Он оглянулся. За пределами комнаты, за стенами, которые были и не были, сгущалась темнота. Не злая — скорее, внимательная. Она не наступала. Она ждала.
И из этой тьмы шагнул кто-то. Или нечто. Фигура была… нечёткой. Как будто её рисовали углём по стеклу, а потом смывали дождём. Высокая, с длинными руками и чем-то вроде плаща, который тек за ней, как пролитая тушь.
— Ты проснулся, — сказал он. Голос был беззвучным. Он прозвучал внутри, как мысль, которая пришла не от тебя.
Он не испугался. Просто смотрел. — Я умер, — сказал он. Или подумал это. Существо кивнуло. Медленно. — Да.
— И что теперь? — Теперь… ты идёшь.
Он посмотрел на неё — на себя, на свою жизнь, на дыхание, на тишину. И почувствовал, как тень протянула руку. — Пора.
— Я не пойду, — сказал он. Твердо. Тень не ответила сразу. Она будто рассматривала его, хотя у неё не было лица. Только намёк на черты — как у статуи, стёртой временем.
— Это не обсуждается, — наконец произнесла она. — Почему? — Потому что смерть — это не выбор. Это порядок. Ты — мёртв. Она — нет. Всё.
Он посмотрел снова на её лицо. Улыбка во сне. Как будто она чувствовала, что он рядом. — Она любит меня. Я не могу её оставить.
— Ты уже оставил, — отрезал проводник. — Просто не успел заметить.
Его слова были как холодный металл: режущие, беззвучные, неоспоримые. — Если останешься, — продолжил он, — будешь тенью. Шепотом. Без тела, без слов. Только боль. И даже она — не навсегда. Забвение всё равно поглотит тебя. Здесь ничего не держит.
— Но я ведь её люблю.
Проводник молчал. Потом сухо бросил: — Не ты первый. Не ты последний.
Он всё ещё стоял на коленях, вытирая несуществующие слёзы, когда память снова заговорила. Уже не картина, не иллюзия — внутреннее. Глубокое. Больное. Нежное.
…
Тот день, когда она приехала на свидание, лёгкий августовский ветер, её волосы пахли солнцем и шампунем с мятой. Это была их первая встреча. Всё в ней — черты лица, фигура, даже движения — манило, как нечто родное и давно знакомое.
Он вспоминал ту скамейку в парке, на которой они просидели несколько часов, уносясь в разговор и молчание. И тот первый букет роз… который они так и забыли на ней, увлечённые друг другом.
Он ждал её на остановке, напряжённо всматриваясь в окна каждой подъезжающей маршрутки. И вот — она вышла, усталая, с немного растрёпанными волосами, но такая родная. Его глаза вспыхнули счастьем.
Он хотел, чтобы этот день стал для неё особенным. Не громким, не показным — по-своему тихим и тёплым.
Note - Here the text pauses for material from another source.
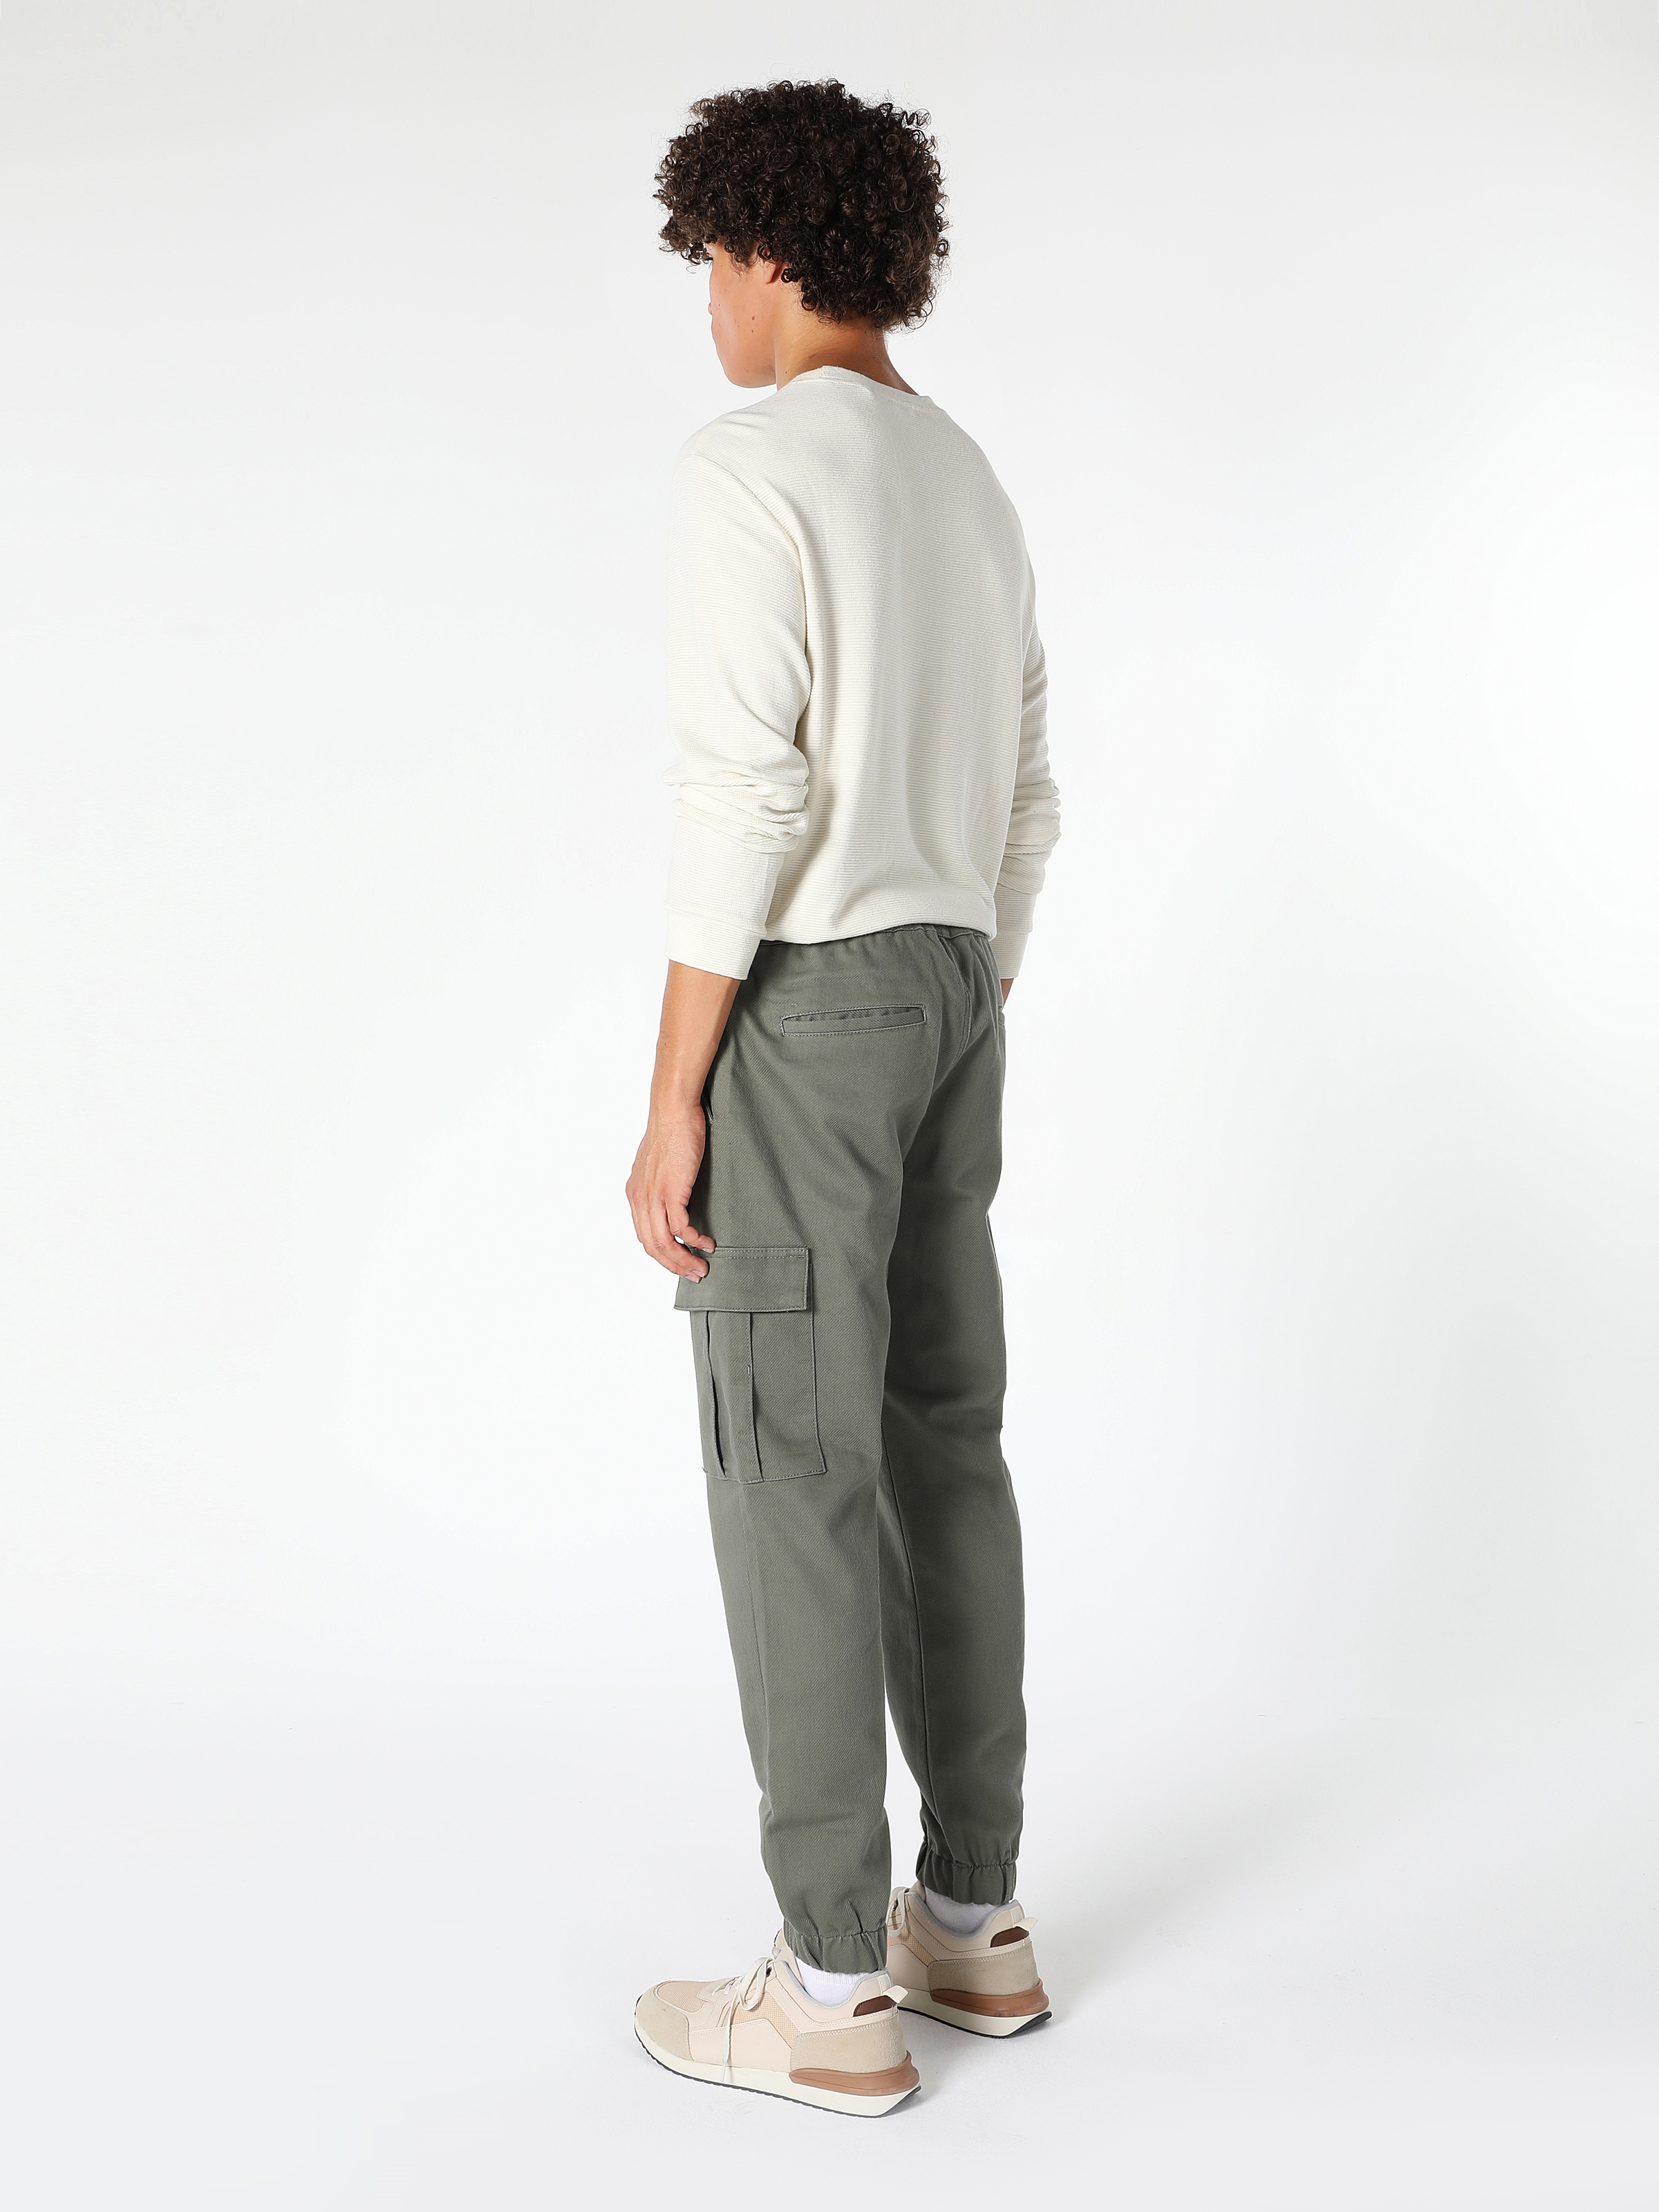 Afișați detalii pentru Pantaloni De Barbati Kaki Slim Fit  CL1061151

Заранее он сходил на рынок, выбрал самые свежие лесные грибы, нашёл стеклянные банки, отмыл их, подготовил всё до мелочей.
Когда они пришли в съёмную квартиру, он не стал суетиться — просто включил музыку, снял рубашку и, смеясь, принялся мариновать грибы. Для неё. Чтобы осталась память. Чтобы в холодные дни у неё был вкус того странного, но полного нежности вечера.
Смешно, странно — но он хотел, чтобы ей было вкусно, по-домашнему, уютно.
Потом — день, когда он приехал к ней на работу. Она стояла у входа, усталая, с кофе в руках. Он подошёл, достал из кармана простое серебряное кольцо и надел ей на палец, не говоря ни слова. Её глаза тогда блестели так, как будто весь мир в тот момент остановился.
И он остался.
Не вопреки смерти — но ради неё. Ради того, как она его помнит.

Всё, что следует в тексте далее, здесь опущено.